Thomas Kwa comments on OpenAI: Detecting misbehavior in frontier reasoning models

Thomas Kwa 12 Mar 2025 23:27 UTC
LW: 4 AF: 3
2
AF
Important results from the paper as I see it:
- RL agents can learn to cheat in the wild, and CoT pressure doesn’t prevent it.
- The slope of cheating increase and final cheating rate are both slightly lower when applying CoT pressure, but all of the cheating will go uncaught by the monitor.
- GPT-4o can zero-shot monitor o3-level agents with 95% accuracy when it has access to CoT, only 60% when it can only monitor actions.
- If there is no CoT pressure, RL agents telegraph their cheating, such that cheating precision and recall actually go up over time for a monitor that can only see CoT
- True utility (success rate counting cheating as failure) initially increases faster with CoT pressure than without, despite low initial levels of cheating in both.

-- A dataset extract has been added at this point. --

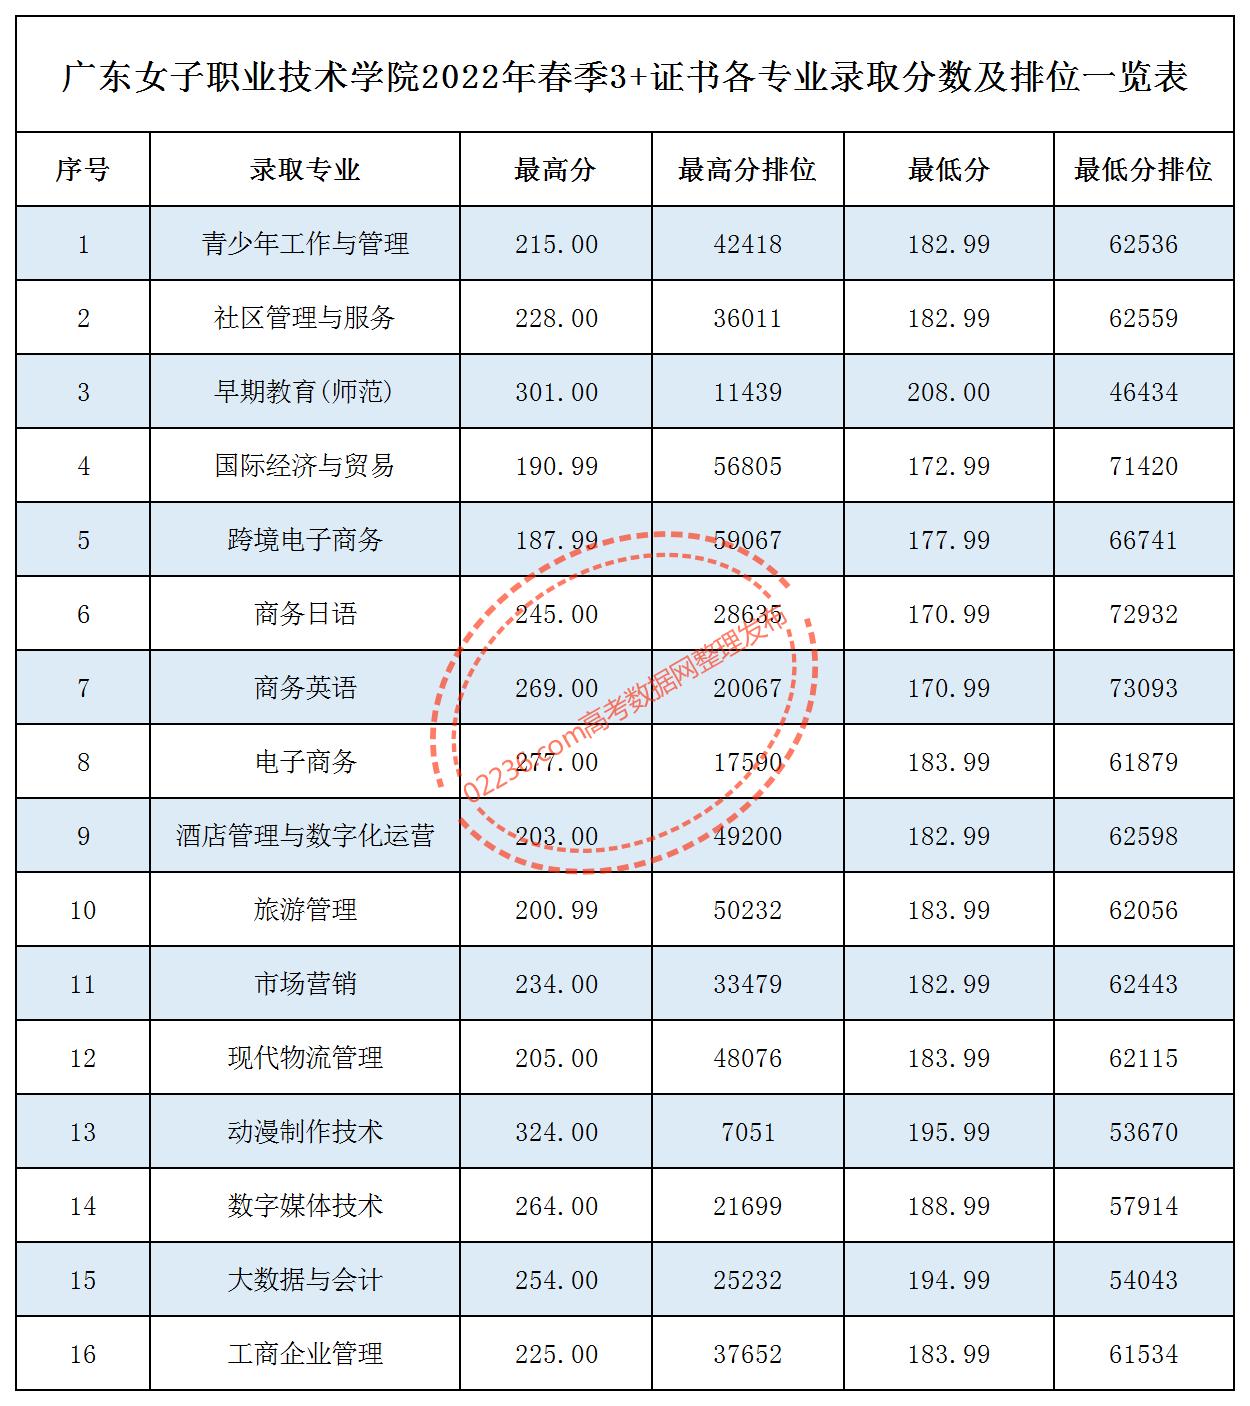 广东女子职业技术学院2022年春季3+证书各专业录取分数及排位一览表.jpg

  - I’m not sure why this is given they said the only change in reward related to CoT pressure is that the agent doesn’t get reward when the monitor flags.

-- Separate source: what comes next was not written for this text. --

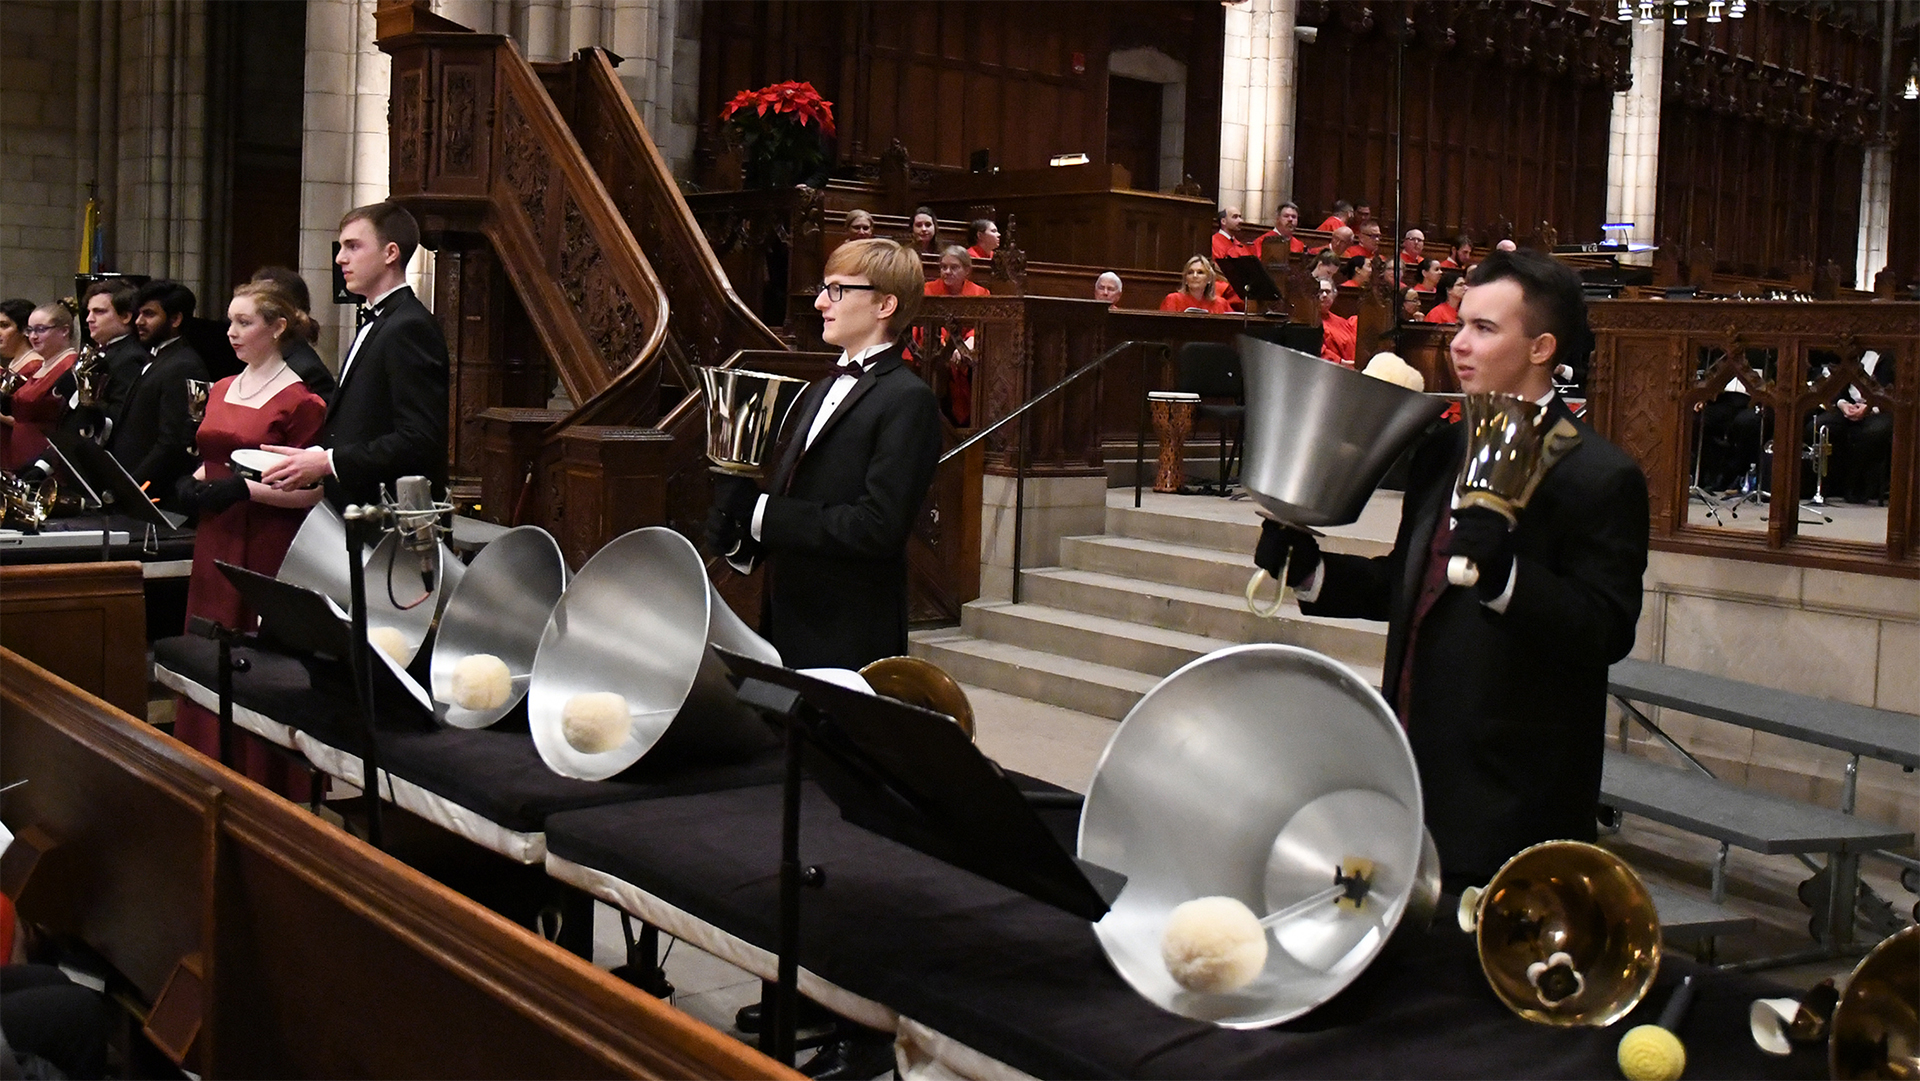 Westminster Concert Bell Choir performs

- If you allow rejection sampling, the utility curve is roughly similar between CoT pressure and no CoT pressure. This rhymes with the Scaling Laws for Reward Model Overoptimization result where utility is similar between RL and best-of-k
Speculation:
- The information that the model is cheating seems basically gone from the CoT, so training against a weak monitor and monitoring using a stronger monitor could be unreliable
- How much CoT pressure should you apply to maximize utility? Figure 4 suggests that if you do RL, cheating will happen at roughly the same point in training with or without CoT pressure (~0.3 epochs), which also coincides with the maximum utility point, so stop at the point where the non-CoT-pressure model starts to do detectable cheating.
- It is unclear how this applies to cheating / other malicious behaviors that are hard enough that they require CoT. My prior is that capabilities at hiding misaligned behaviors under CoT monitoring will improve at similar rates to capabilities at reasoning without CoT in other domains, although the presence of a monitor might specifically target the skill of obfuscating misaligned reasoning and make it happen sooner.